# Husband dating while separated



## svarner (Oct 7, 2016)

We separated in September after 9 years together. We have a three year old together. He immediately started dating around and eventually found a girl who is going through a separation as well. They have been together for three months. Up until two weeks ago he has had nothing to do with our son. He hasn't helped me with even a penny. Suddenly he has begun to talk with him a couple nights a week and see him once or twice. He now wants our son to meet his girlfriend who also has a little boy who is three years old. I have full custody of our son and it says that he is not allowed to meet anyone that we are dating unless it has been exclusive for six months. I said this to him and he seems content to wait which is great. I really don't want to meet the new girl yet let alone let our son meet her. I'm probably getting ahead of myself but I can't imagine another woman in my child's life right now. I feel like it's too soon. I know it's going to happen eventually, but how do I cope with this?He's only three but it's obvious that he is confused about where daddy has been. Idk how to feel about anything. Also, my ex keeps saying things like he never wanted a divorce and the only reason we did is because of his father. He never made an ounce of effort once the word divorce was put on the table. I feel like he is all about keeping up with appearances. Also, why I think he is suddenly trying to be in his sons life. I feel like his gf was starting to notice. I am mainly on here to vent.
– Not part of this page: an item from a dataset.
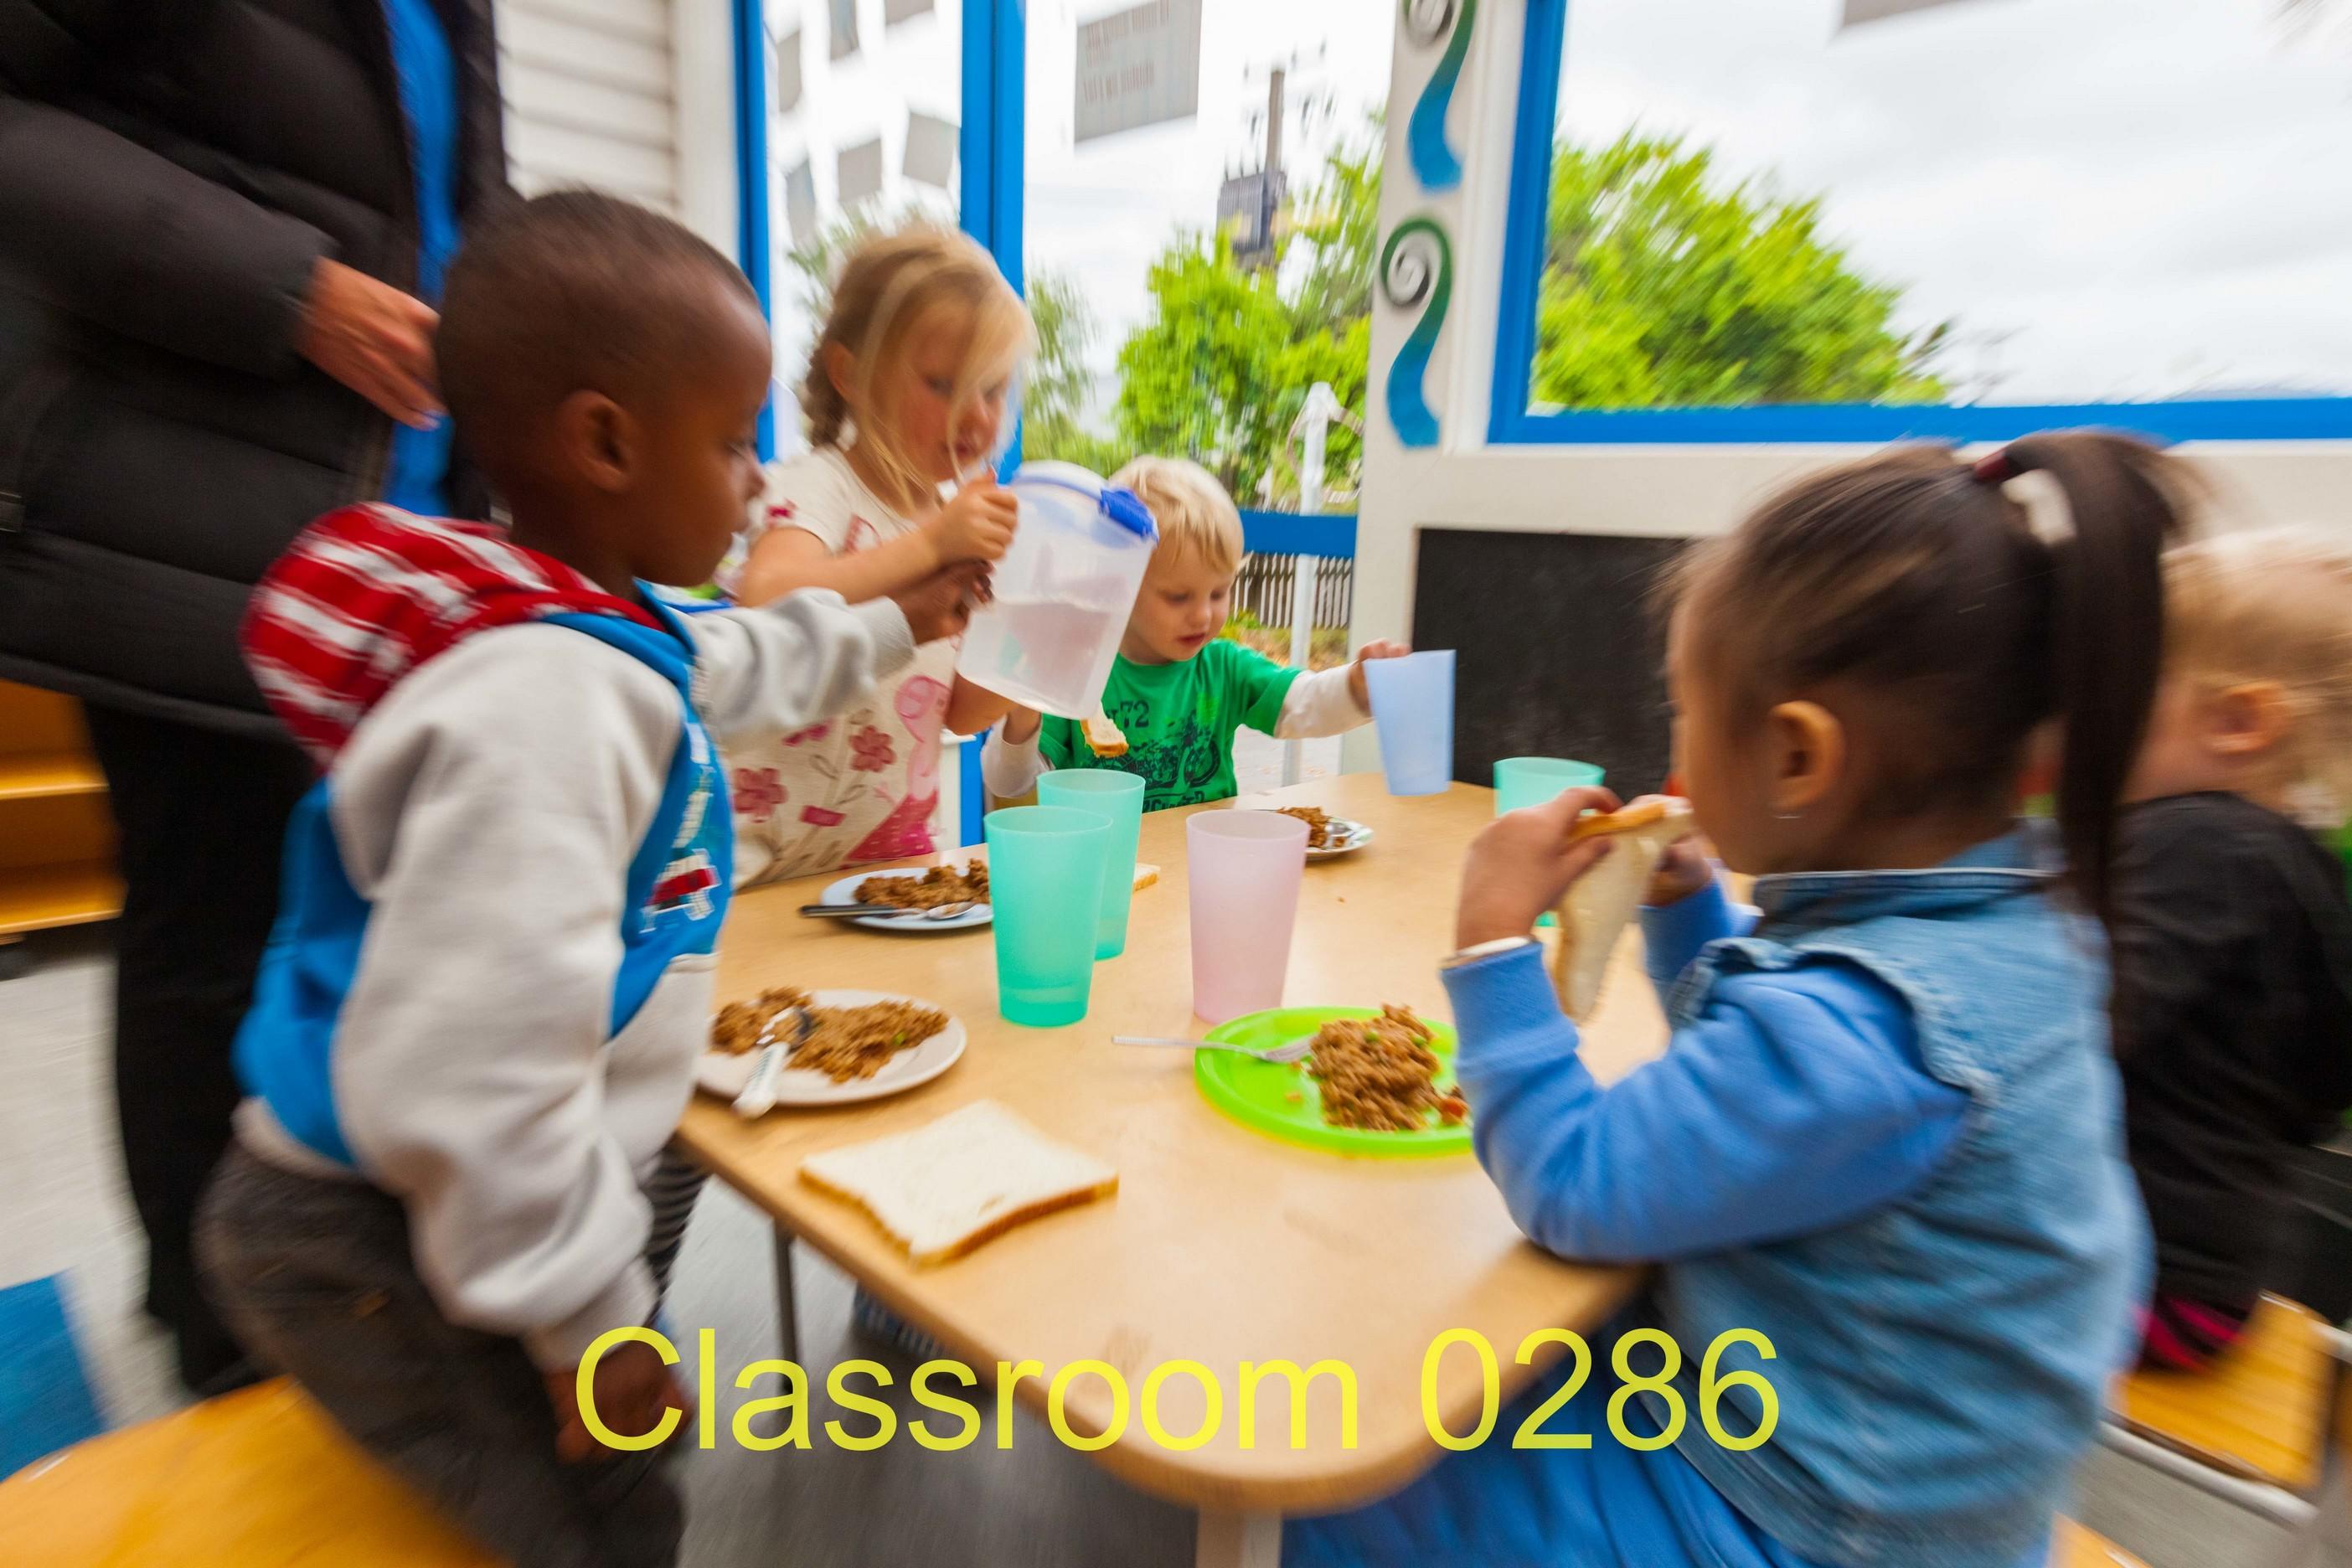 Classroom 0286

Sorry for my long rant.


----------



## EleGirl (Dec 3, 2011)

Who put the word 'divorce' on the table? You or him?

Why does he suddenly want to see your son? Because the other woman is pushing him to do so. I've seen this before, they push the guy to build the impression that there is a new family.

One thing to keep in mind that the chances of this relationship of his lasting very long is very small. 
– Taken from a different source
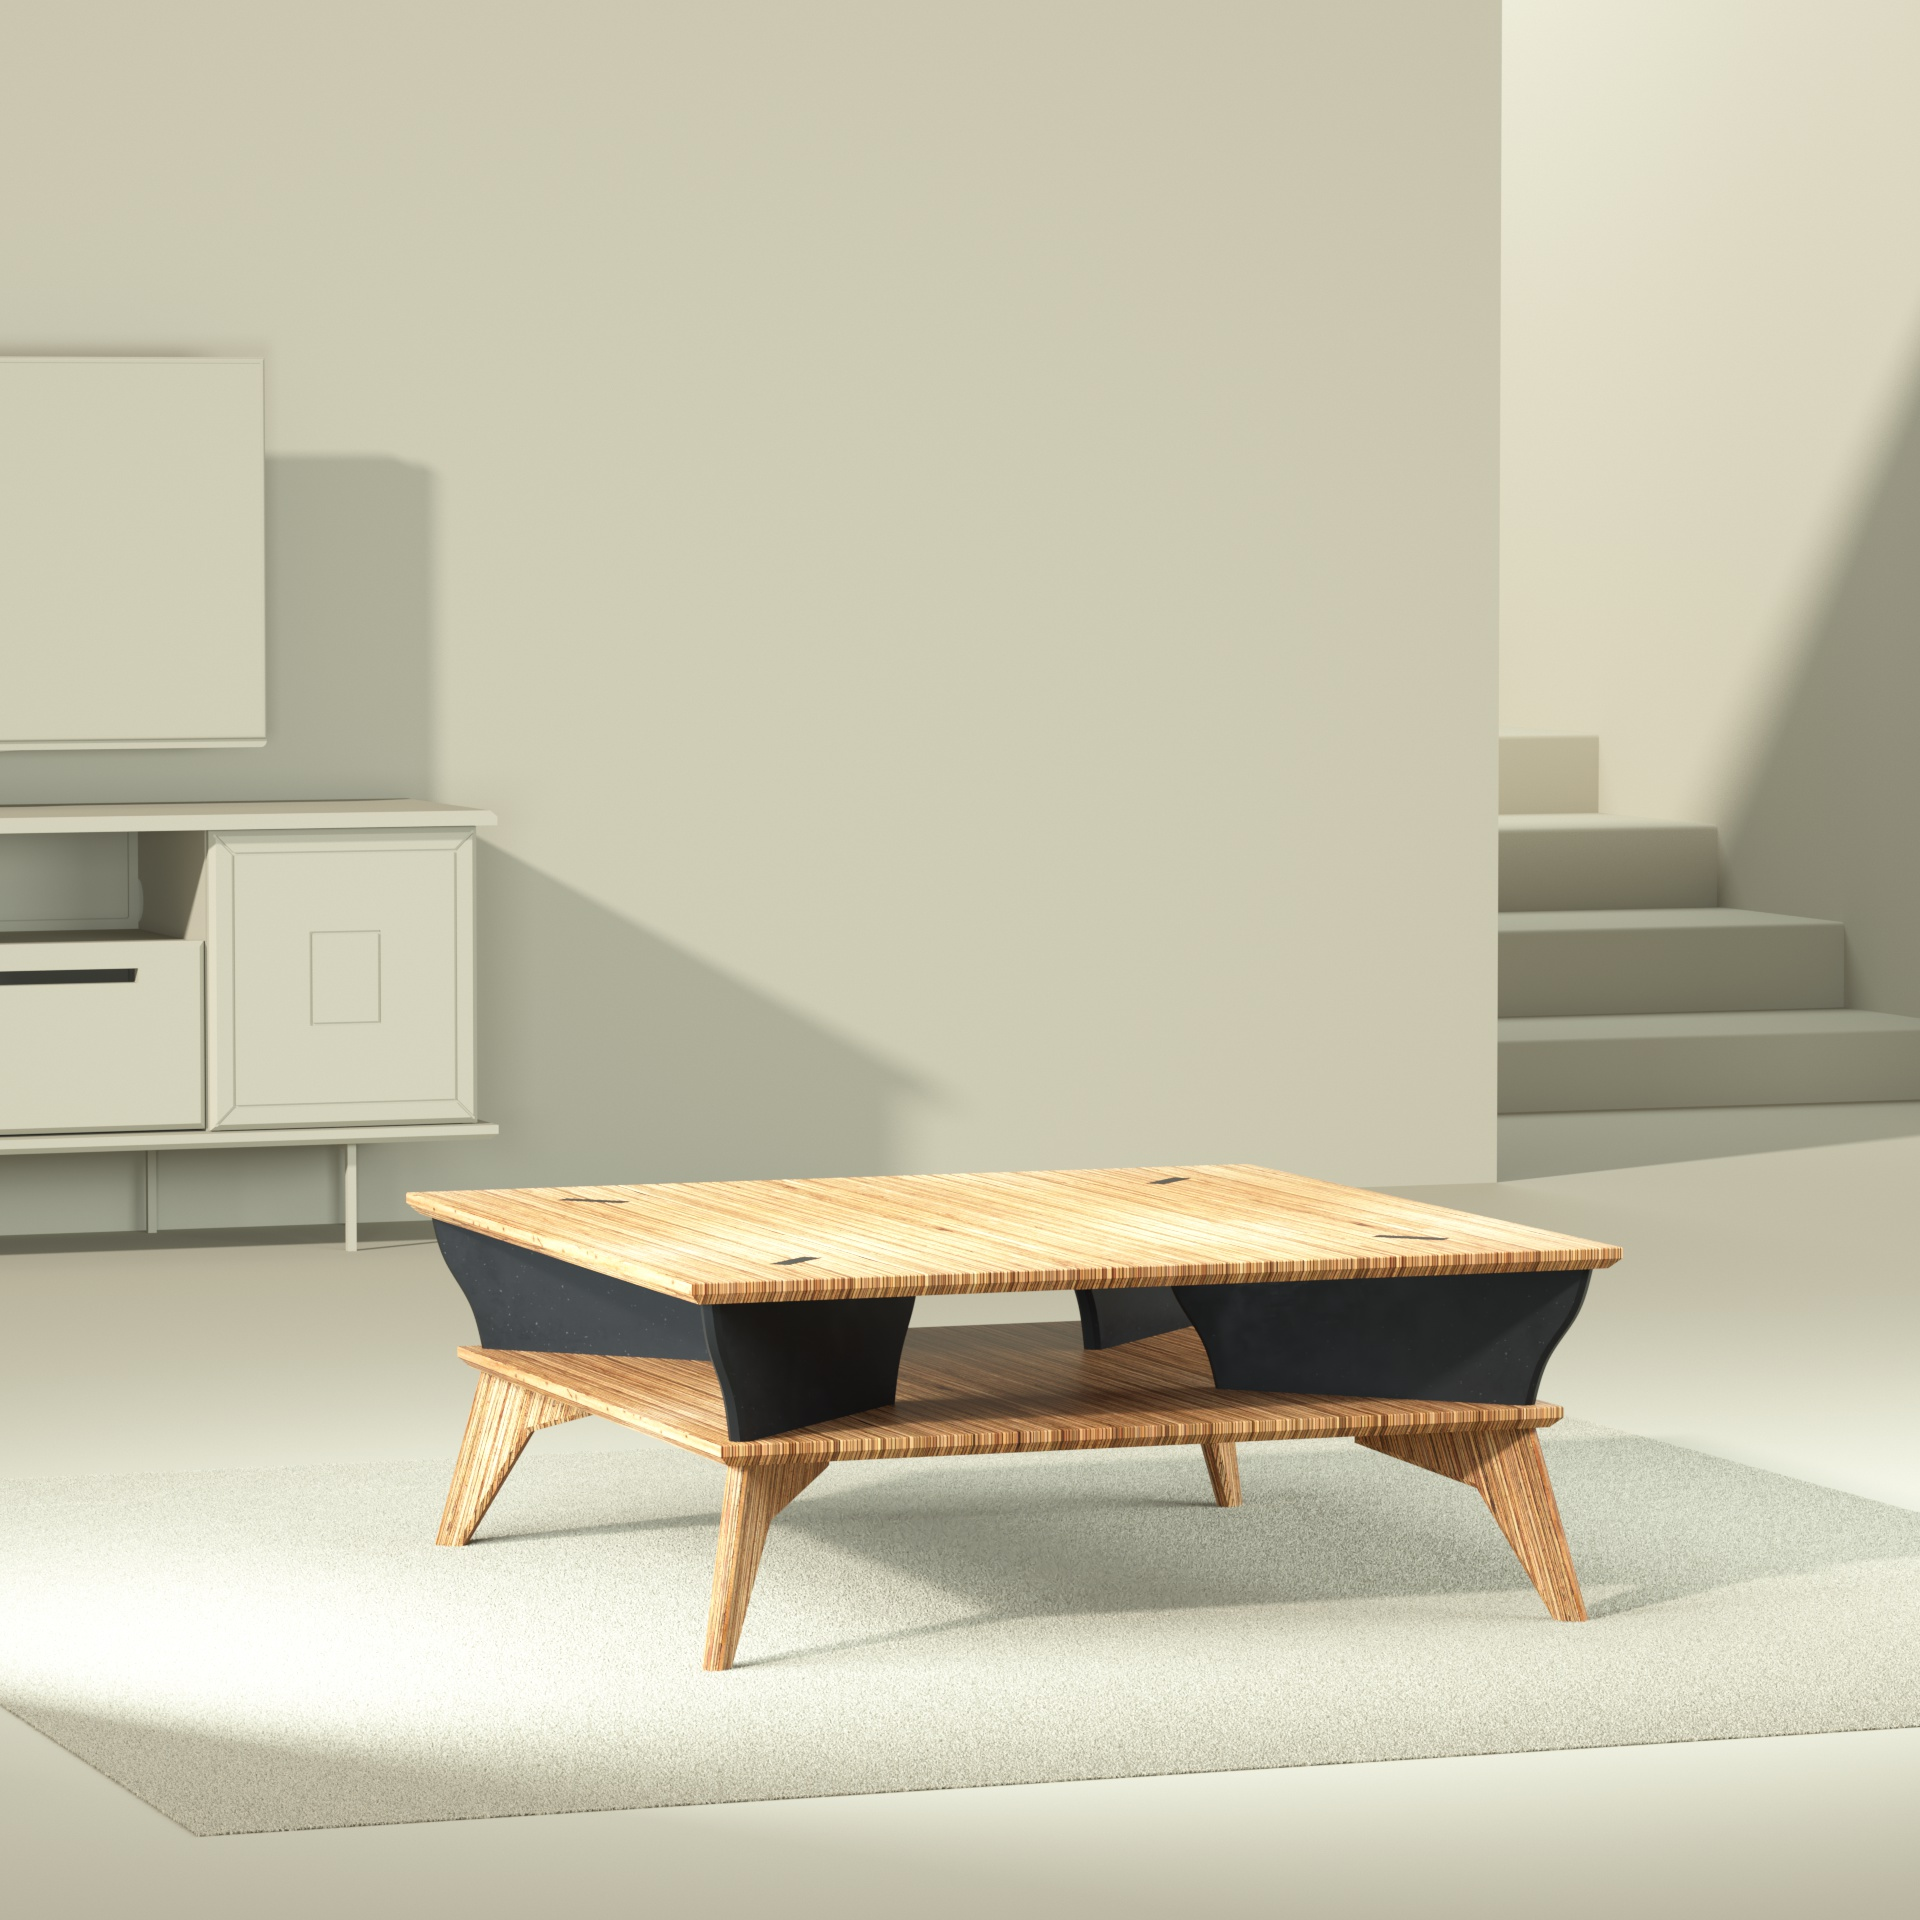 Yvette_table_basse_design_made_in_france_90_par_90_cm

You say that you have custody. Has a divorce been filed? Why isn't he paying any child support? Wasn't that part of the custody agreement?


----------



## svarner (Oct 7, 2016)

He put divorce of the table. The funny thing is that he could never say it's what he wanted. He only danced around the idea but after a few weeks of being elsewhere I told him he could either tell me what he was feeling or I am coming to an assumption. All I got from him was I'm sorry but I've never had to break up with someone before. His parents finalized their divorce the same week. Everything was unexpected to me. I didn't add child custody into the agreement because at the time he didn't have a job. He was living in a house with 5 guys and it wasn't an ideal situation. The home was raided. He went through a serious tough patch in the beginning and I filed for full custody which he signed over no questions. I didn't include child support because I knew he was worried about it and I just wanted him to sign over custody with everything going on. He is now living with his mom which is better. Since he has started dated this girl he has seemed more level headed than when he first left. My lawyer told me I could go back and ask for child support. He keeps saying he's going to help, but it's been six months and nothing.


----------



## svarner (Oct 7, 2016)

Also, we have to be separated for a year before divorce. That will take place this coming up September


----------



## EleGirl (Dec 3, 2011)

So your divorce is final? Is that right?

Is he working now and does he have an income?


----------